Last week in Crikey, Peter Brent argued that celebrity candidates don’t do well in marginal seats. I’m not entirely convinced by his argument, but the ALP may have been listening, because its latest celebrity candidate is planning to run for a safe seat. Unfortunately, it’s a safe Liberal seat.
The ABC’s long-serving Sydney weather reporter, Mike Bailey, aims to become the second TV personality (after Maxine McKew) to take on a Government frontbencher. In this case, it’s the Federal Minister for Employment and Workplace Relations, Joe Hockey, in North Sydney.
A spokesman for Kevin Rudd has been quoted as saying he “would love to have Mike Bailey as part of the campaign team”, but even without that endorsement one would hardly expect Labor pre-selection for North Sydney to be hotly contested.
But this raises the interesting question of just how safe a seat like North Sydney is. Bailey thought it “now requires something like a 13.2% swing”, but, in fact, the margin is 10%, unchanged by redistribution.
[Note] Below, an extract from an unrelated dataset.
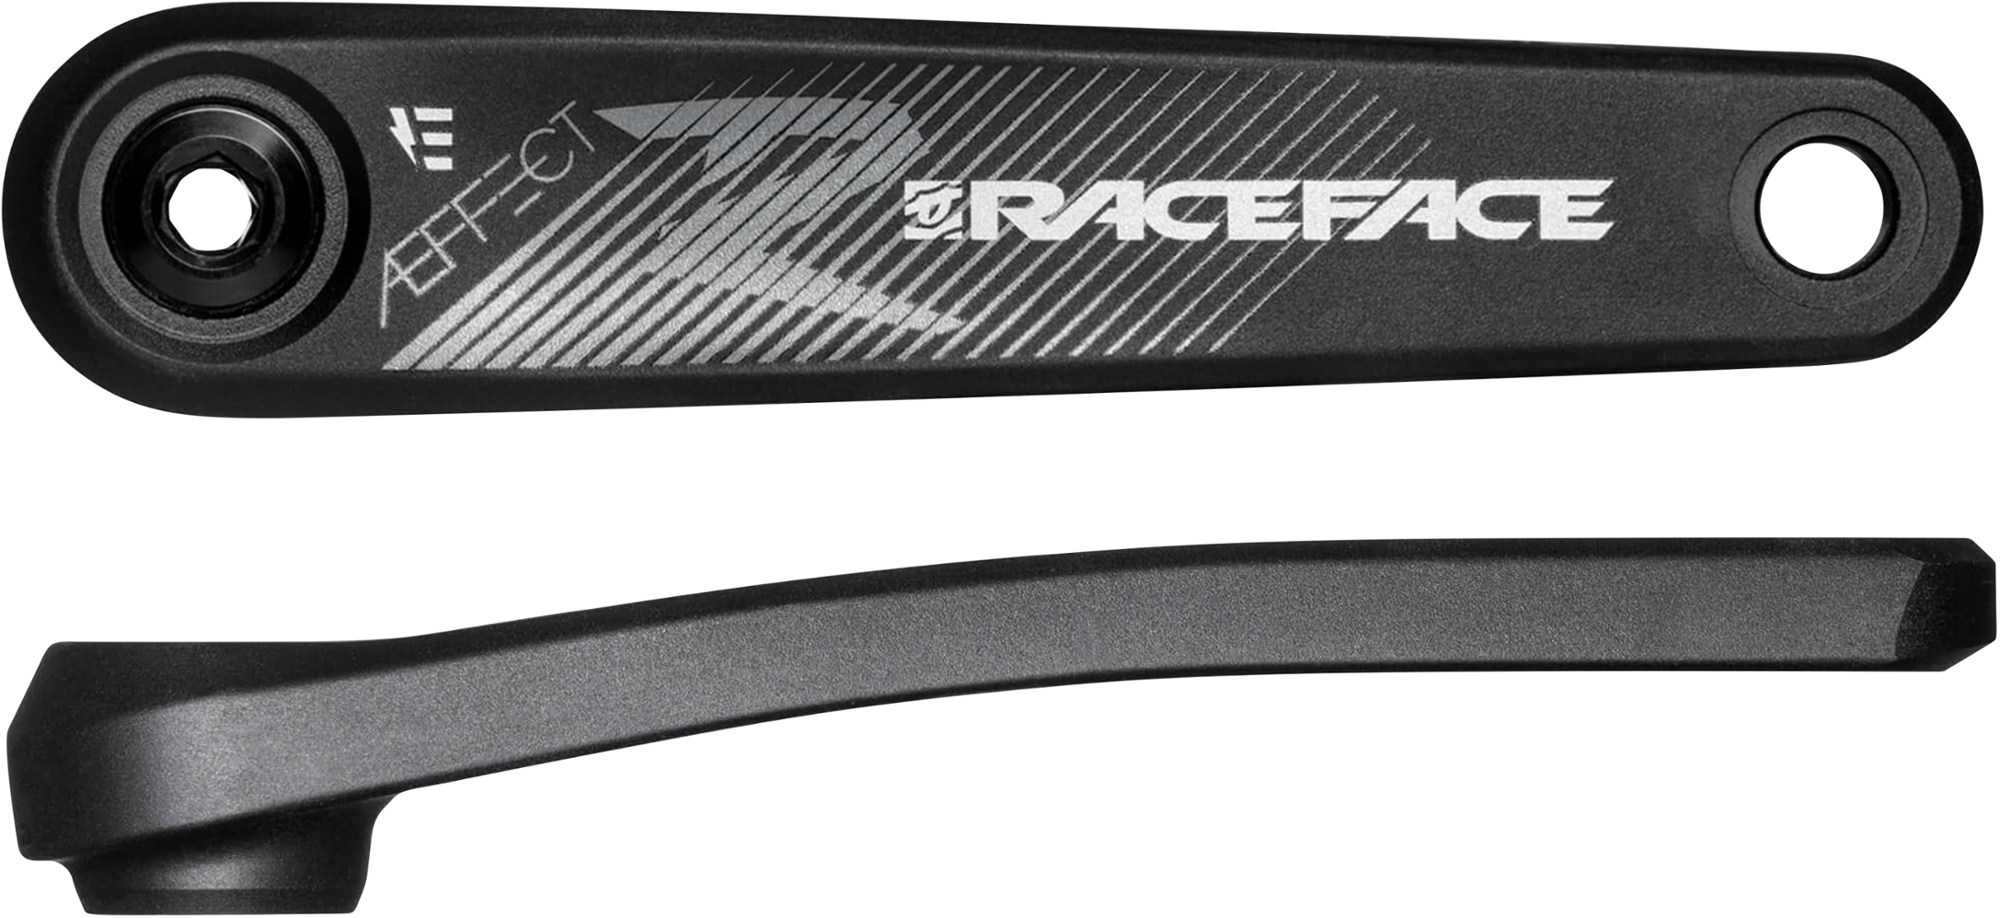 Комплект шатунов Aeffect R для электронного велосипеда Race Face, черный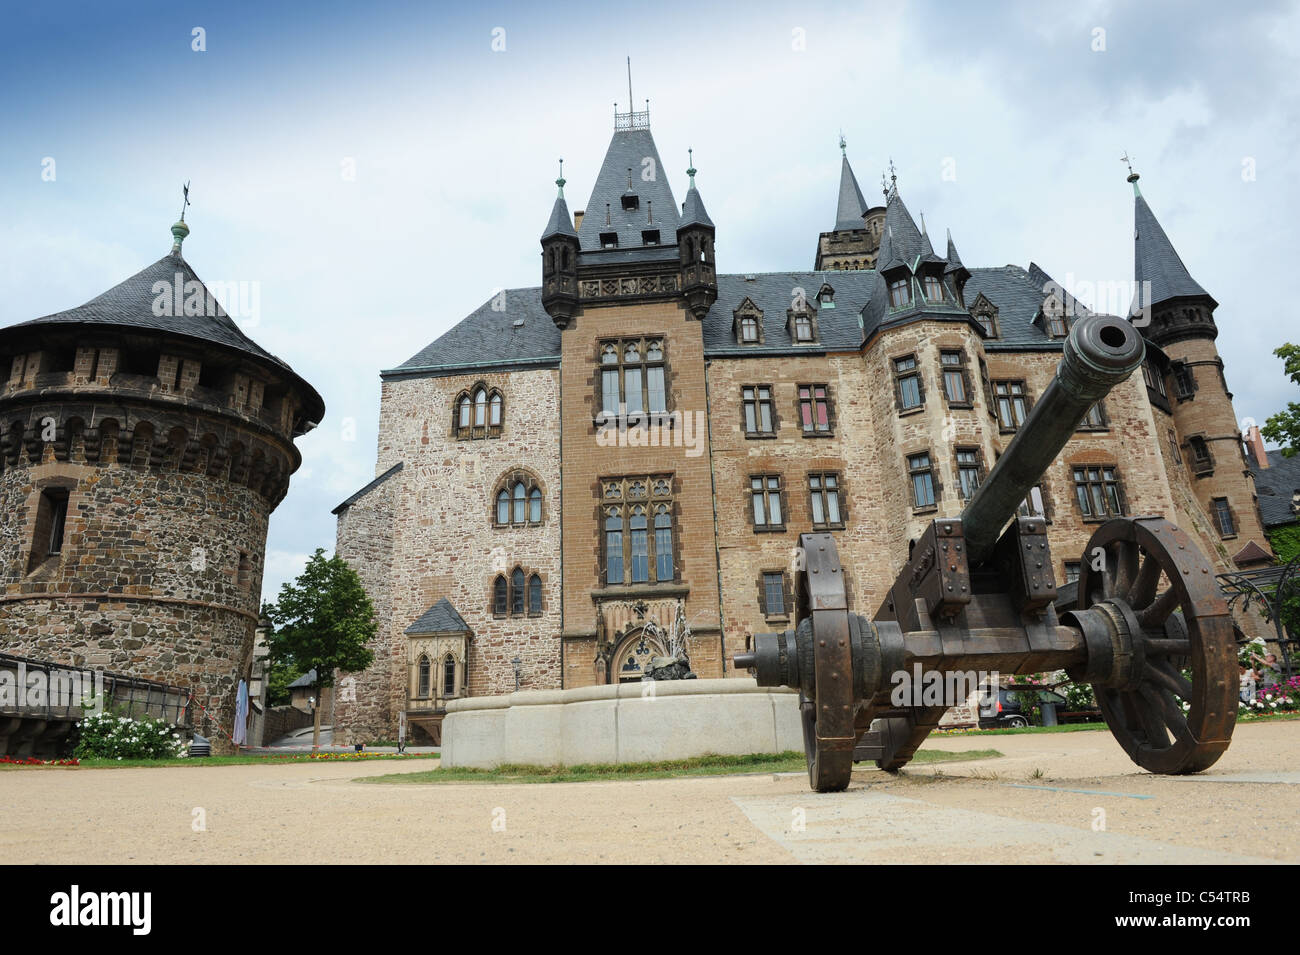 Château de Wernigerode Harz dans le district de Saxe-anhalt Allemagne Allemagne Deutschland Banque D'Images

Even though the polls currently show Labor getting that sort of swing, it looks like a very tough target.
In recent years, and especially after the 2004 election, there’s been a lot of hand-wringing about Labor losing ground disproportionately in outer suburban, working-class seats — see, for example, this piece by Shaun Carney on Dunkley (thanks to Brent for reminding me about this).
But while there are some areas where Labor has done worse than average, there are, of course, others where it’s done better. North Sydney is a prime example. In 1998, it was the seventh-safest Liberal seat in New South Wales, with a margin of 12.2%. Two elections later, the state as a whole had swung more than 3% to the Coalition, but North Sydney had gone backwards; it’s now only 11th-safest.
And it’s not just Sydney. The same sort of movement can be seen in the Treasurer’s seat of Higgins: now on 8.8%, it is more marginal than it was six years ago, despite the fact that Victoria has shifted more than 4% to the Coalition in that time. Seven of the state’s seats — Aston, Wannon, Casey, Flinders, Menzies, Goldstein and Dunkley — have leapfrogged it on the pendulum.
If this trend continues, some of the Liberal Party’s biggest names could be in trouble. Don’t write off Mike Bailey just yet.